$\Delta ABC$ is an equilateral triangle with a side length of $4$ units.$\: $$\: $
$\angle CAF = \angle EBC =\angle FAB$ .$\: $$\: $
$D \in \left | AF \right |\: ,\: E \in \left | CD \right |\: ,\: F \in \left | BE \right | $ $\: $
Find the length of $\left | AD \right |$
By given angles, its easy to see that $\Delta DEF$ is an equilateral triangle and by similarity, $\left | EF \right |$ is $2$. Area of $\Delta ABC = 4S = 4\sqrt3 \Rightarrow S = \sqrt{3} $.
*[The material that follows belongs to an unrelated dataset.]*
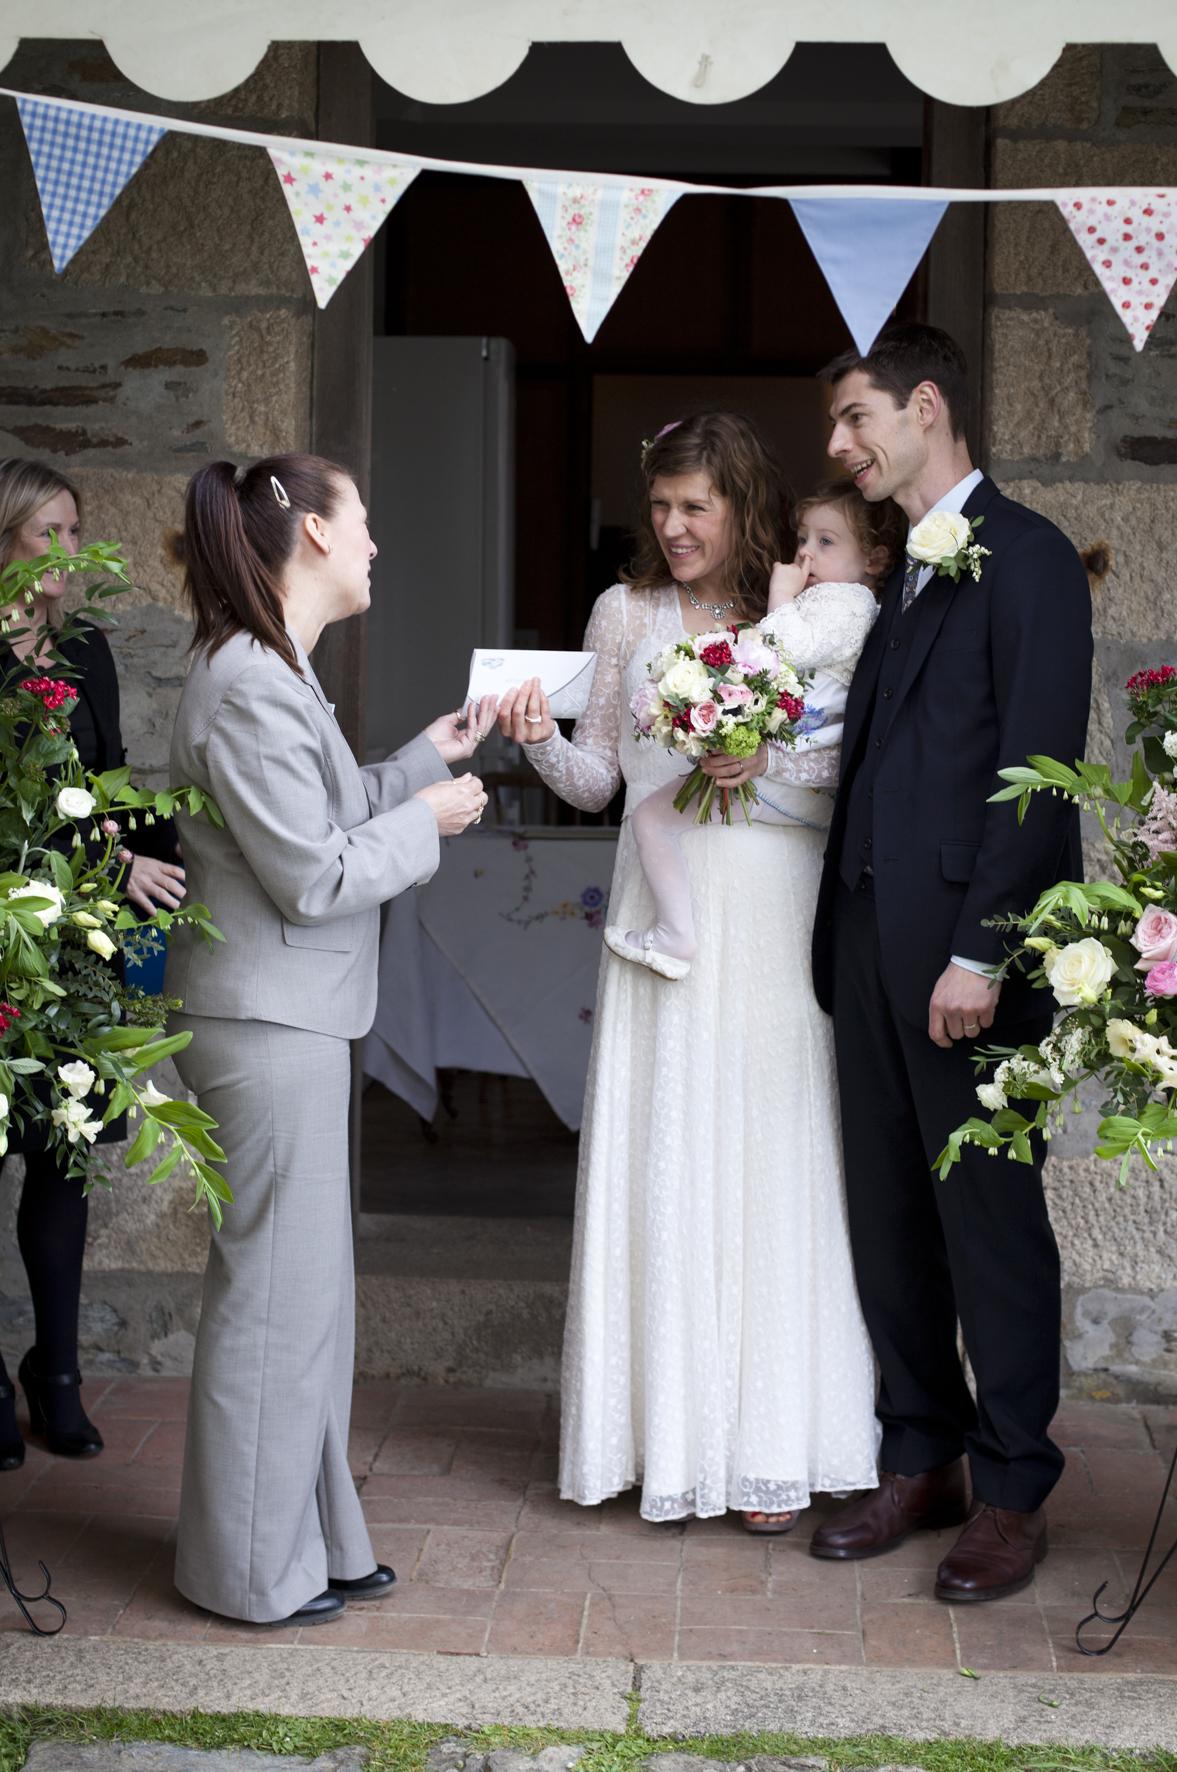 Wedding example_M&P__MG_3527_Claudia Leisinger.jpg

I couldn't get any further from this point
Best Answer
Let $AD = x$. Then, $CD = 2 + x$ and $AC = 4$. Because we know $\angle ADC = \frac{2\pi}{3}$, we can apply the Law of Cosines on $\triangle ACD$:
$$AC^{2} = AD^{2} + CD^{2} - 2(AD)(CD)\cos\bigg(\frac{2\pi}{3}\bigg)$$
$$4^{2} = x^{2} + (2 + x)^{2} + x(2 + x)$$
$$3x^{2}+6x - 12 = 0$$
$$x^{2} + 2x - 4 = 0$$
The solutions are $x = -1\pm\sqrt{5}$. Taking the positive solution, we find $\boxed{AD = \sqrt{5}-1}$